-- Recorded information --
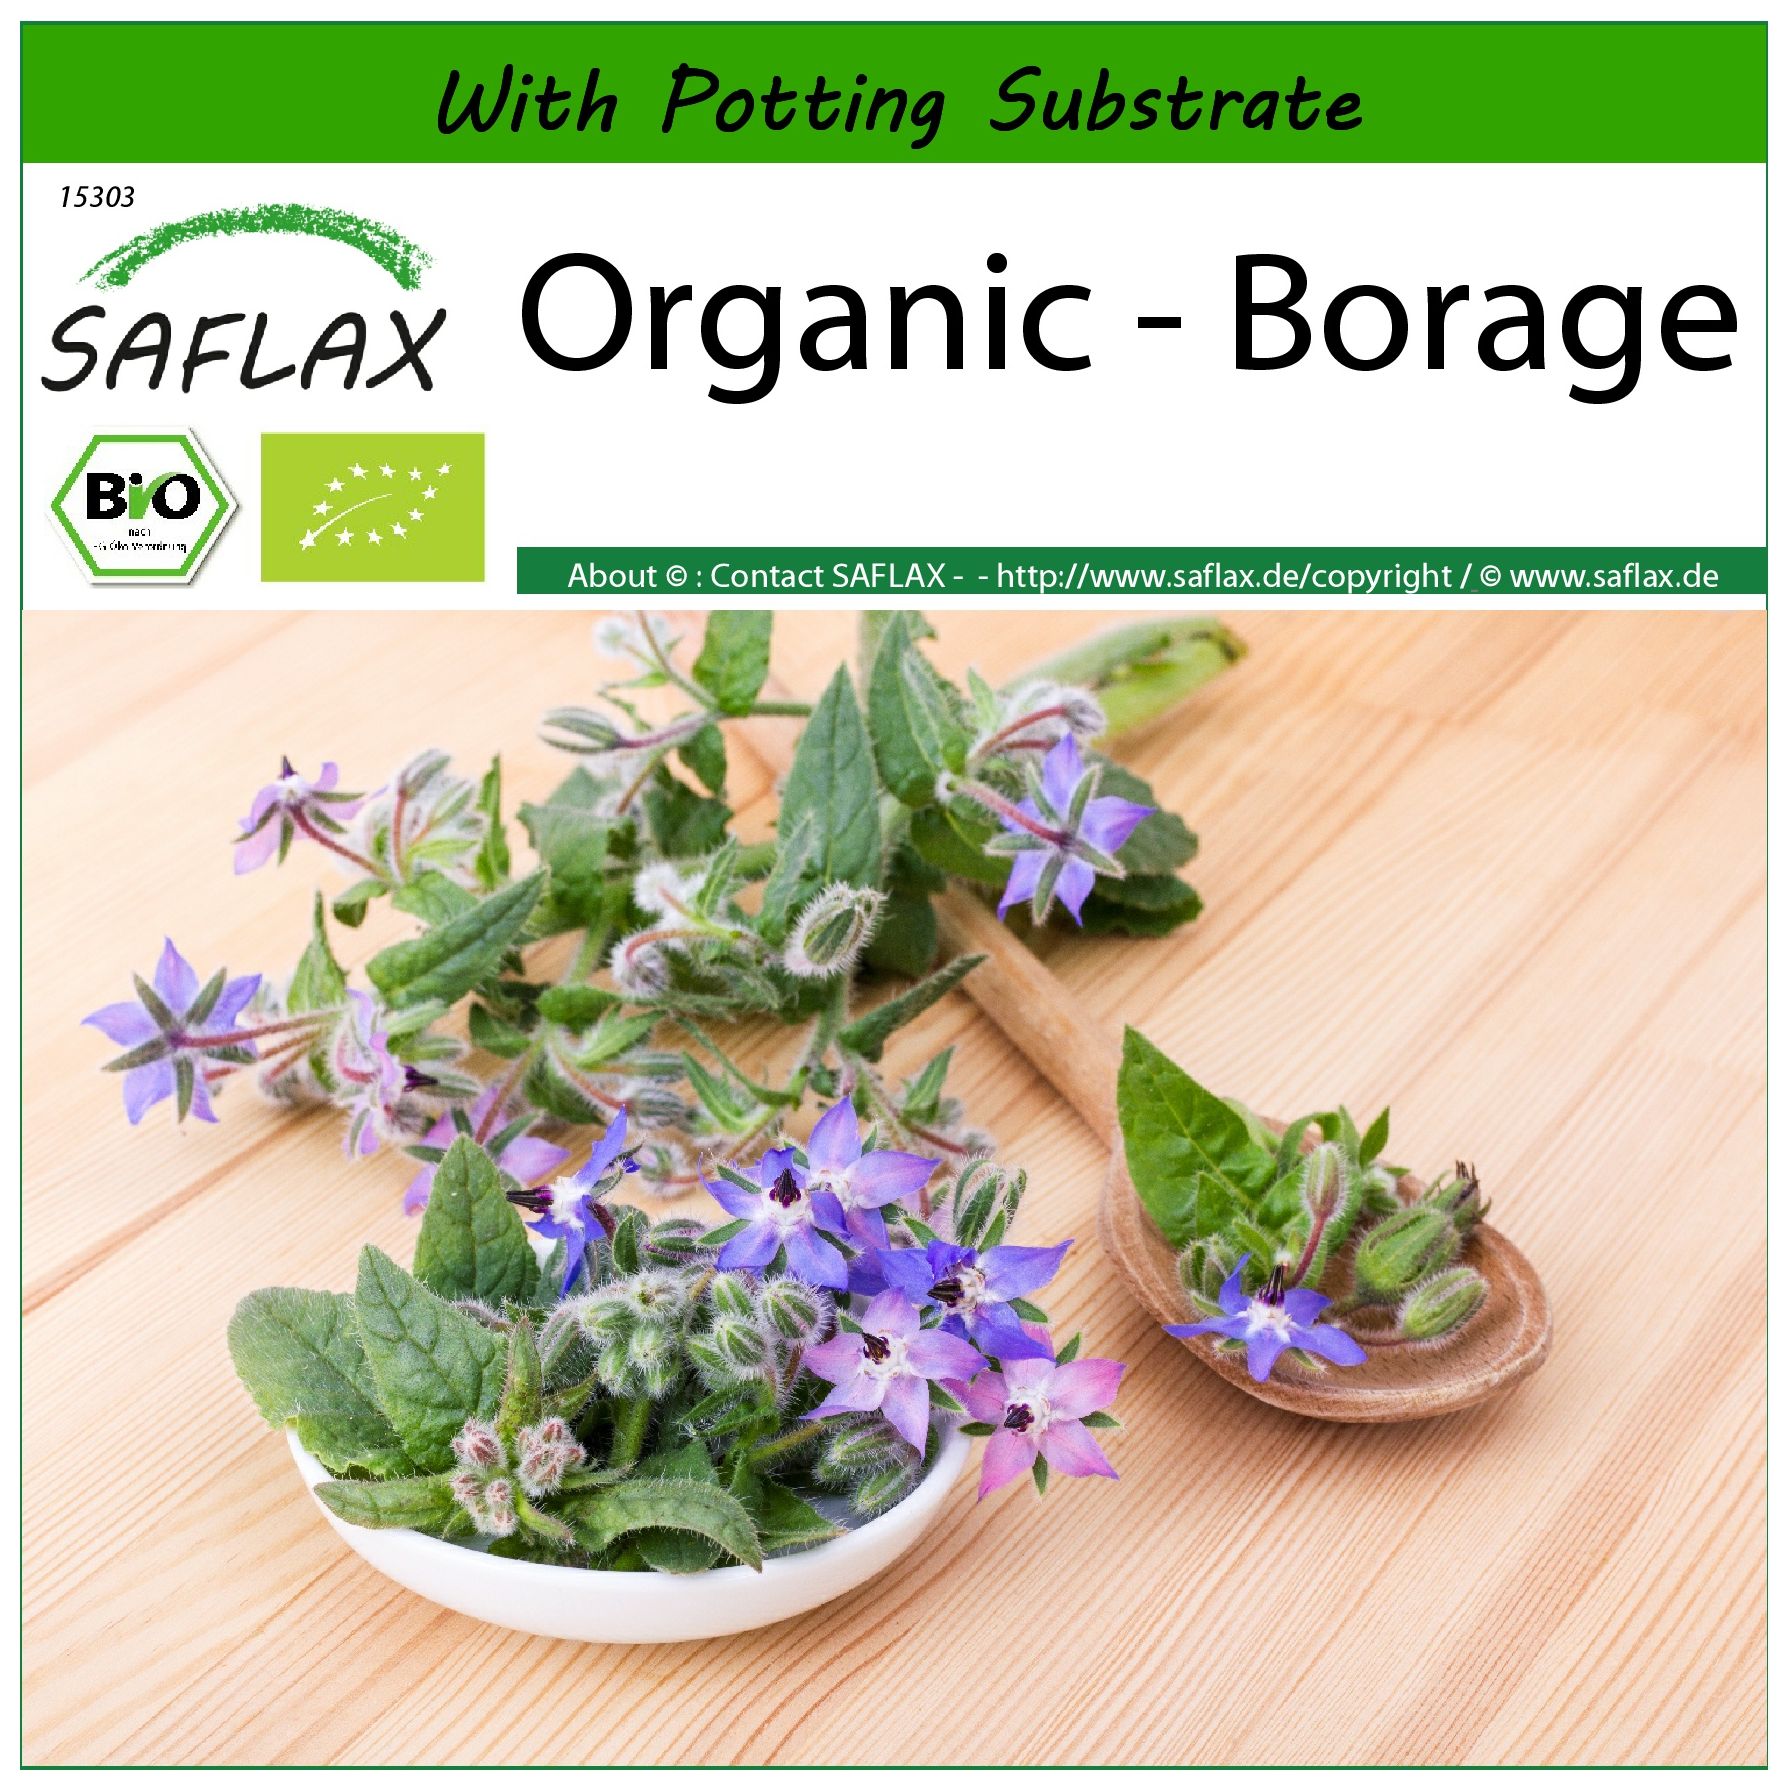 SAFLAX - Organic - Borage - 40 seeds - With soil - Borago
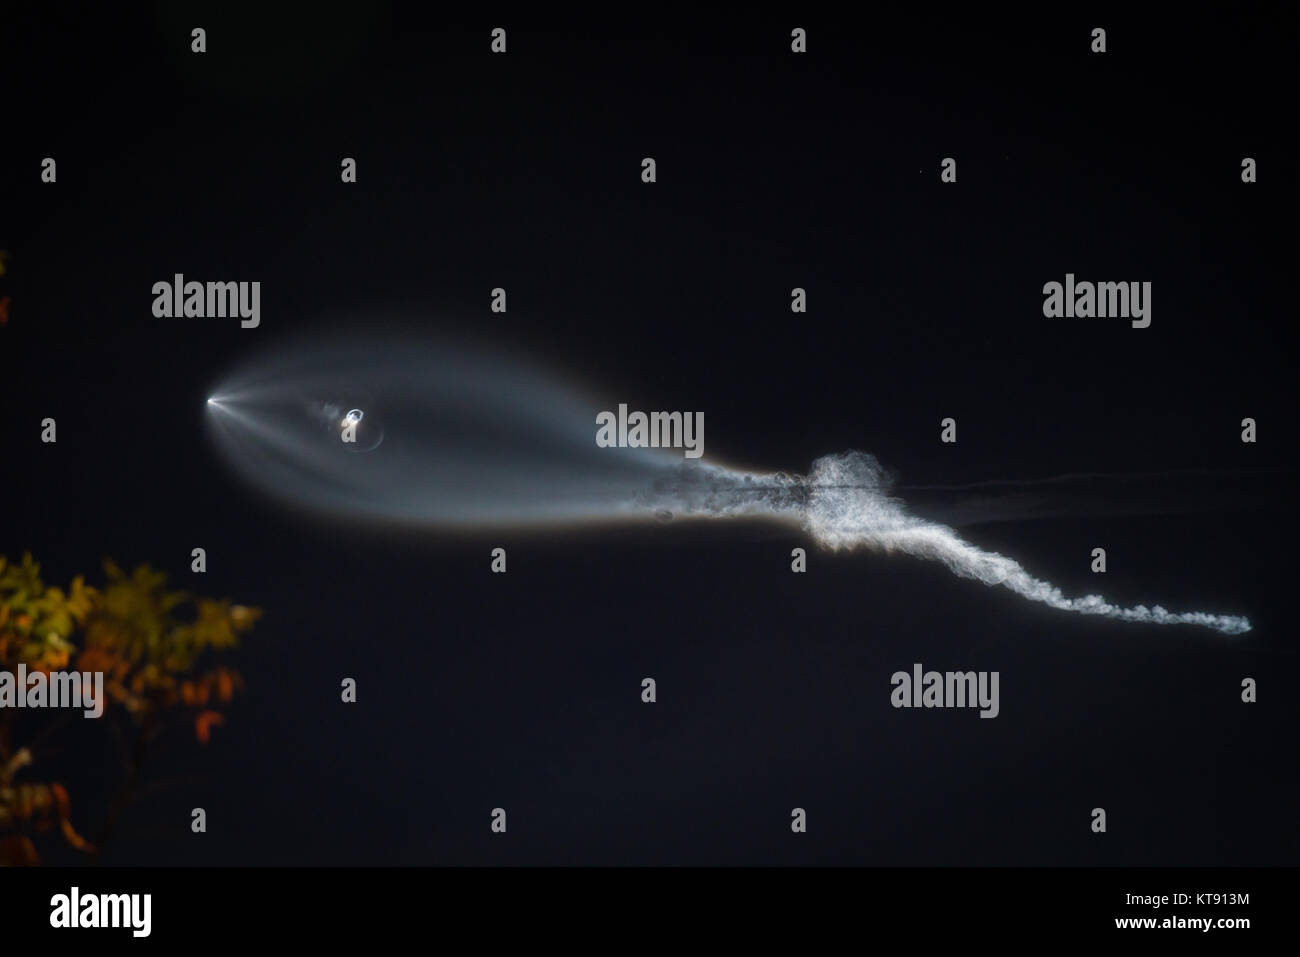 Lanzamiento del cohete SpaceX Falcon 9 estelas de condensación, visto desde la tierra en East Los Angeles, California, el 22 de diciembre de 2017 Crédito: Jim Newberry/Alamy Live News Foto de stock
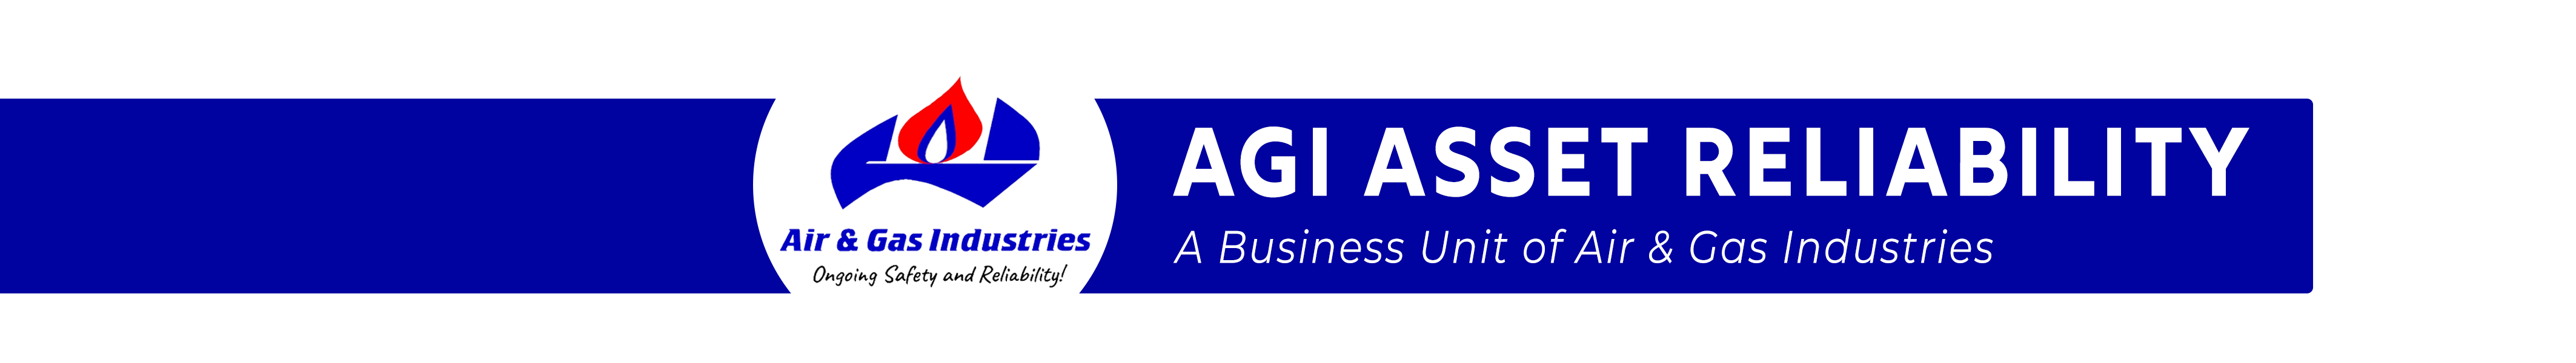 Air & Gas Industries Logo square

-- What needs to be done --
Restate every line above exactly, omitting images.

-- Completed task --
 SAFLAX - Organic - Borage - 40 seeds - With soil - Borago
 Lanzamiento del cohete SpaceX Falcon 9 estelas de condensación, visto desde la tierra en East Los Angeles, California, el 22 de diciembre de 2017 Crédito: Jim Newberry/Alamy Live News Foto de stock
 Air & Gas Industries Logo square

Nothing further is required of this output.